Here’s a simple way this may be achieved. Suppose there are [tex]n[/tex] computers in the cluster. Number them [tex]0,\ldots,n-1[/tex]. Let [tex]\#(\cdot)[/tex] be a hash function. An unfortunate fact is that this use of the term “hash” is completely different than the useage of “hash” to denote a set of key-value pairs. In practice, this isn’t as confusing as you might think, but you should note the difference. In any case, the way we set up our distributed hash is to store the key-value pair [tex](k:v)[/tex] on computer number [tex]\#(k) \mod n[/tex]. Because the hash function distributes key values in a uniform way, the result is to spread the key-value pairs through the cluster in a uniform way.

In a practical implementation, this approach to storing a distributed hash has some drawbacks, which we’ll come back to in later posts about the Google File System and BigTable. But for now, you can think of a distributed hash in this way.

Document collection

There are many possible ways we could be presented with the documents we’ll use to build our statistical model of translation. To make things concrete, and to illustrate the general ideas used to manage the distribution of documents across the cluster, let’s imagine we’re presented with them as a file containing several million URLs, with each URL pointing to an English language text which we’ll use to build a language model. Alternately, the file might contain URLs pointing to pairs of translated texts, in English and in French, which we’ll use to build the translation model. The same basic ideas apply in both cases, so to be specific, I’ll suppose the URLs point to English-only texts.

We use the URLs as keys in a distributed hash. Assuming that they start on a single machine, we first need to distribute the keys across the cluster, and then initialize the corresponding values to empty. The result is a distributed hash with key-value pairs (URL:empty). We now use that distributed hash as input to a Map job, which applies a mapper to (URL:empty), downloading the webpage for the URL, and storing the resulting document as the value corresponding to the key. The resulting distributed hash has key-value pairs (URL:document). We’ll use that distributed hash in constructing the language model, as described below.

Language model

Recall from the previous post that in the bigram model we compute the probability of a sentence as:

[tex] \mbox{pr}(e_1,\ldots,e_m) = \mbox{pr}(e_m|e_{m-1}) \mbox{pr}(e_{m-1}|e_{m-2}) \ldots \mbox{pr}(e_2|e_1) \mbox{pr}(e_1). [/tex]

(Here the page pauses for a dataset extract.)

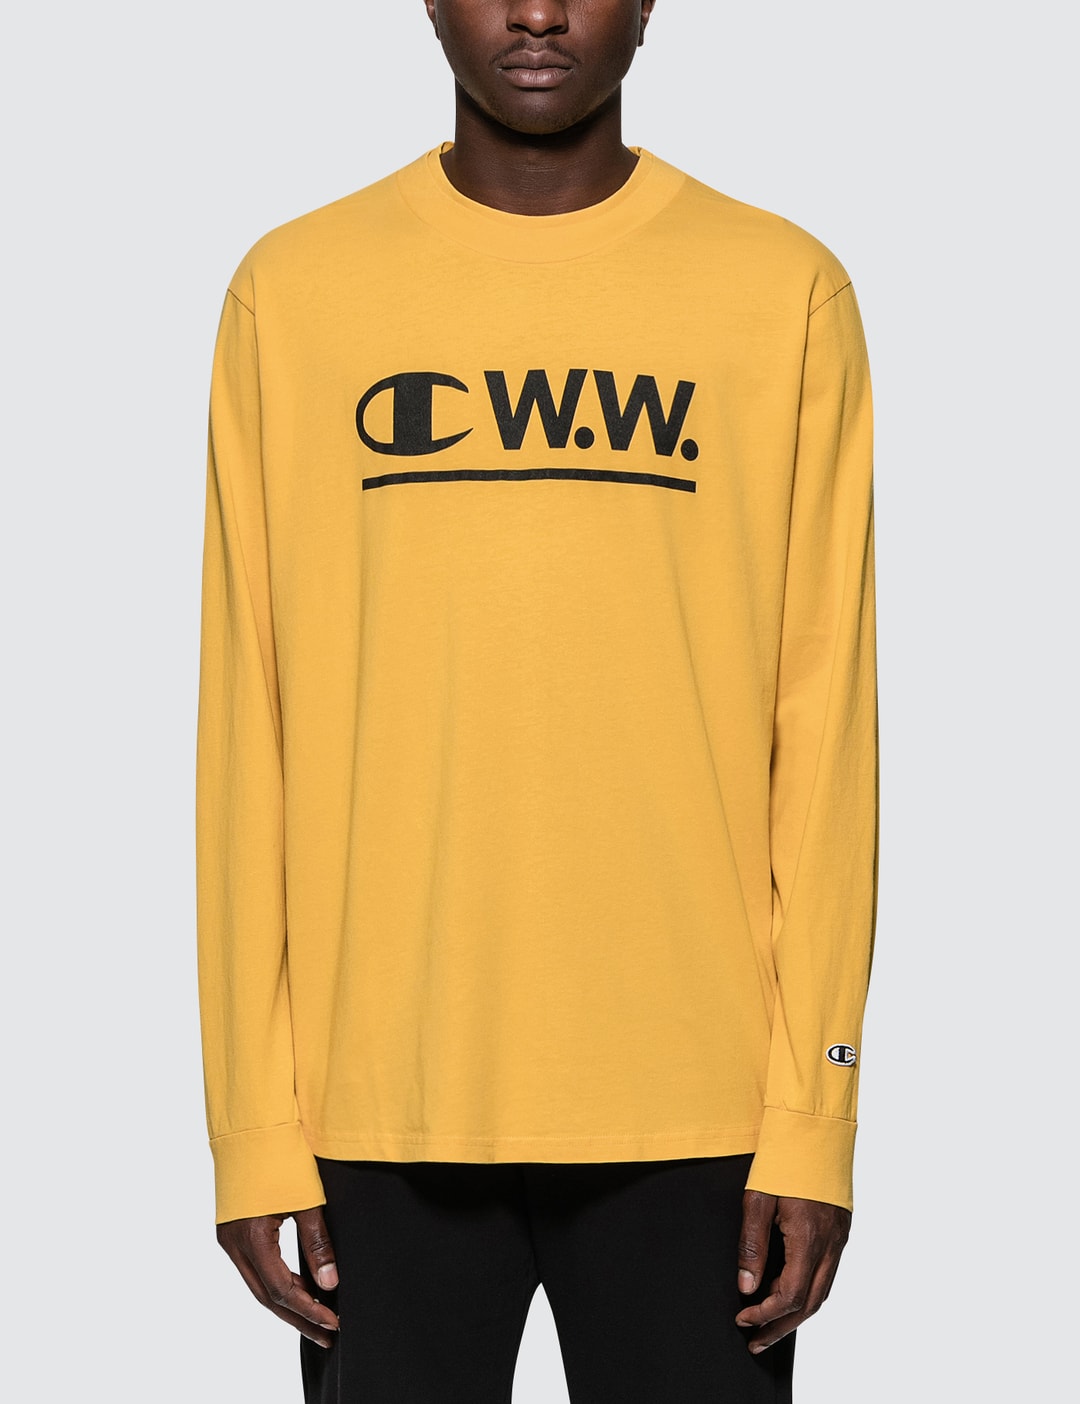 Metode Overlegenhed Byttehandel Champion Reverse Weave - Wood Wood x Champion Logo L/S T-Shirt | HBX -  Globally Curated Fashion and Lifestyle by Hypebeast

To compute this probability, we need estimates for the single-xword probabilities [tex]\mbox{pr}(e_1)[/tex], and for the bigram conditional probabilities, [tex]\mbox{pr}(e_2|e_1)[/tex].

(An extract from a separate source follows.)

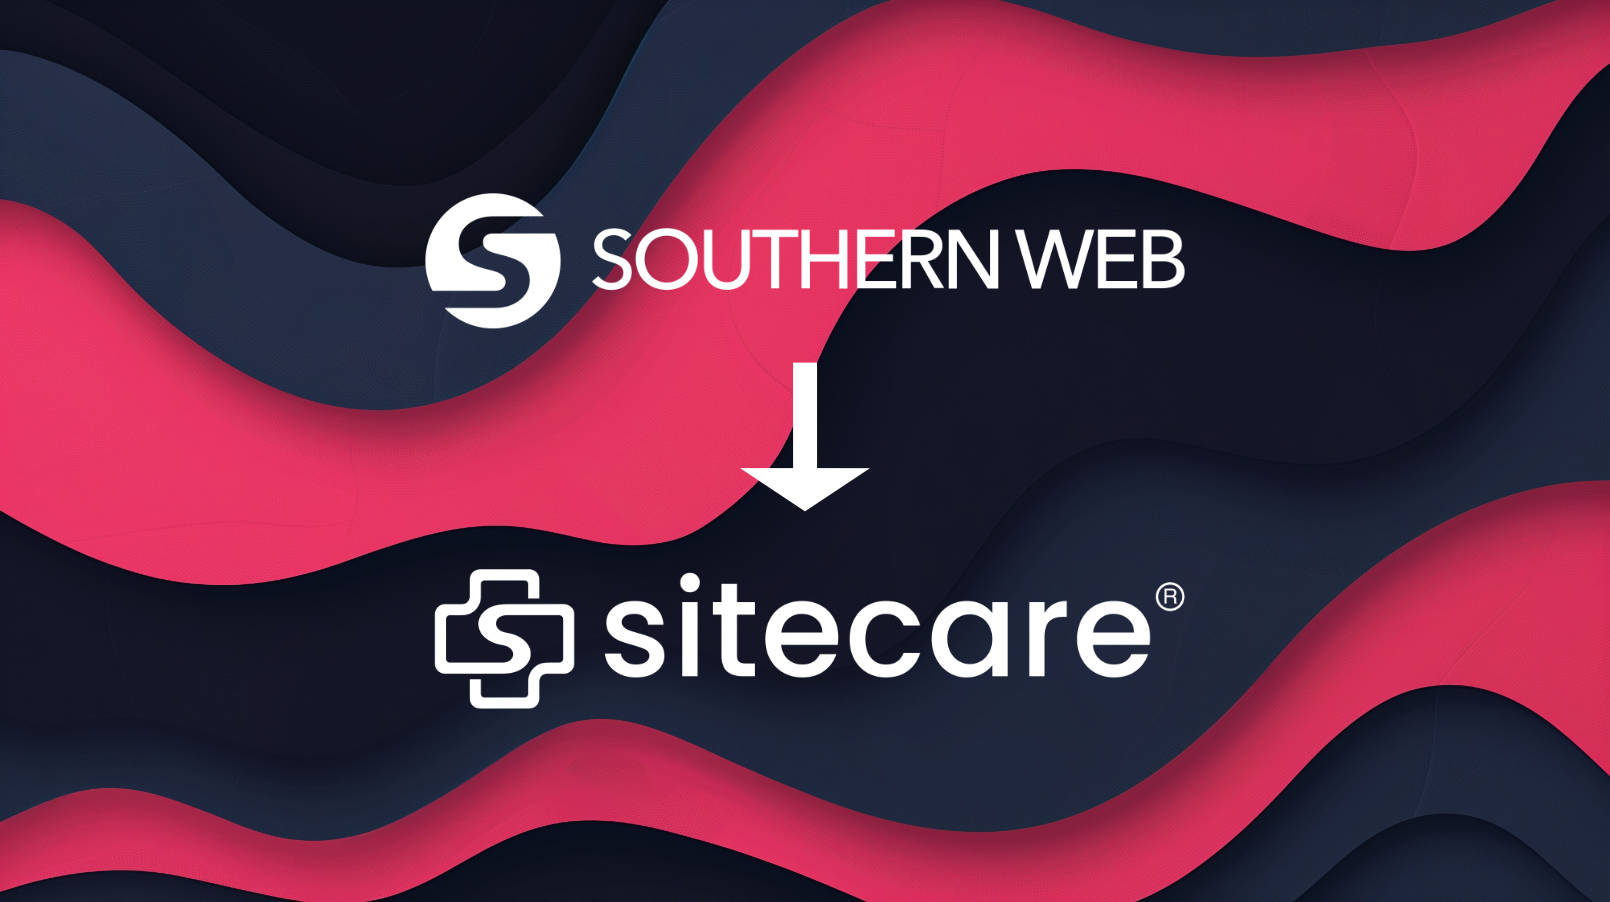 Southern Web Announces Rebrand, Changes Name to SiteCare

To estimate the single-word probabilities [tex]\mbox{pr}(e)[/tex] we use two MapReduce jobs. The first MapReduce job counts the total number of words [tex]N[/tex] in all the documents. The input to this job is the hash with entries (URL:document). The mapper emits a single intermediate pair, (0:#(document)), where the intermediate key [tex]0[/tex] is simply an arbitrarily chosen constant, and #(document) is the total number of words in the document. The reducer simply sums over all these intermediate values, giving [tex]N[/tex] as output.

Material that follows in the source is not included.